Tailoring incoming shear and turbulence profiles for lab‐scale wind turbines

Abstract

AbstractAn active grid is used to generate a variety of turbulent shear profiles in a wind tunnel. The vertical bars are set to flap through varying angles across the test section producing a variation in the perceived solidity, resulting in a mean shear. The horizontal bars are used in a fully random operational mode to set the background turbulence level. It is demonstrated that mean velocity profiles with approximately the same shear can be produced with different turbulence intensities and local turbulent Reynolds numbers based on the Taylor microscale, λ. Conversely, it is also demonstrated that flows can be produced with similar turbulence intensity profiles but different mean shear. It is confirmed that the length scales and dynamics, the latter being assessed through the velocity spectra and probability density functions, do not vary significantly across the investigation domain.
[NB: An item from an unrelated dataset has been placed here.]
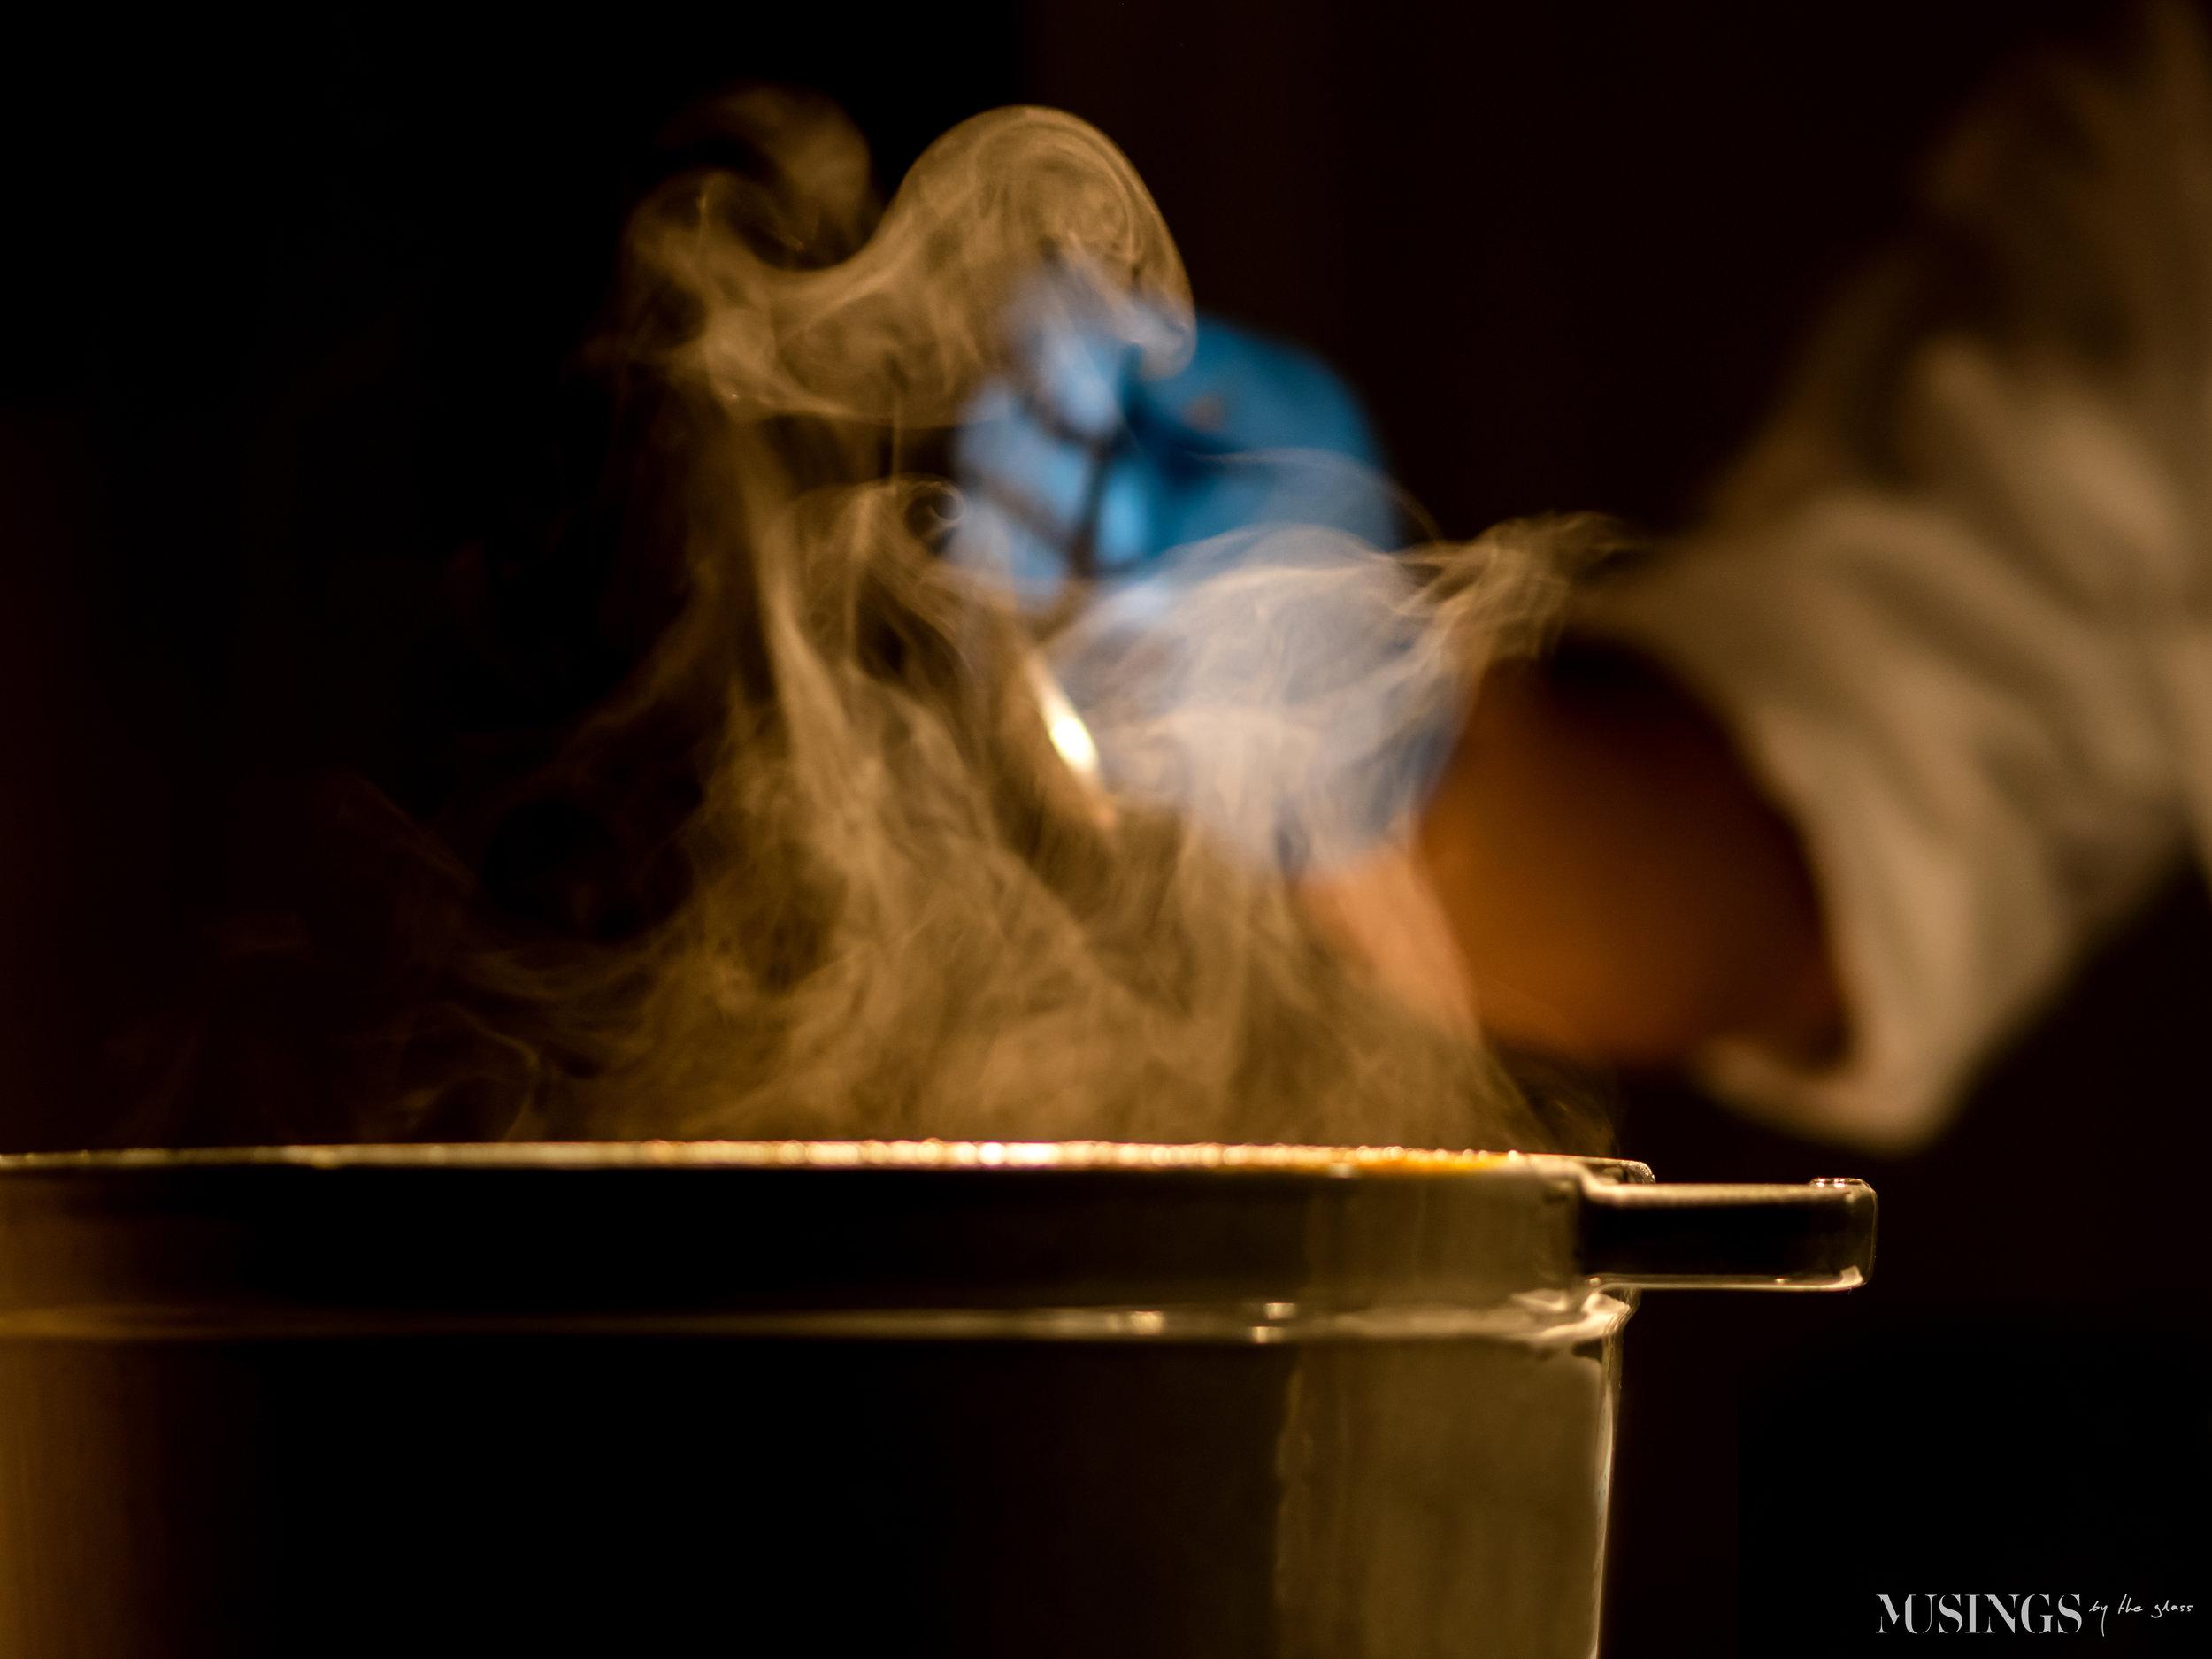 Cauldron of Intrigue

Such flows are of particular relevance for studies investigating the effect of in‐flow conditions on obstacles where these studies wish to decouple the effects of turbulence intensity and mean shear, a feat previously unattainable in experimental facilities. Given that the power output of wind turbines is known to be a function of both mean shear and turbulence intensity, the experimental methodology presented herein is invaluable to the wind turbine model testing community who, at present, cannot exert such control authority over the in‐flow conditions.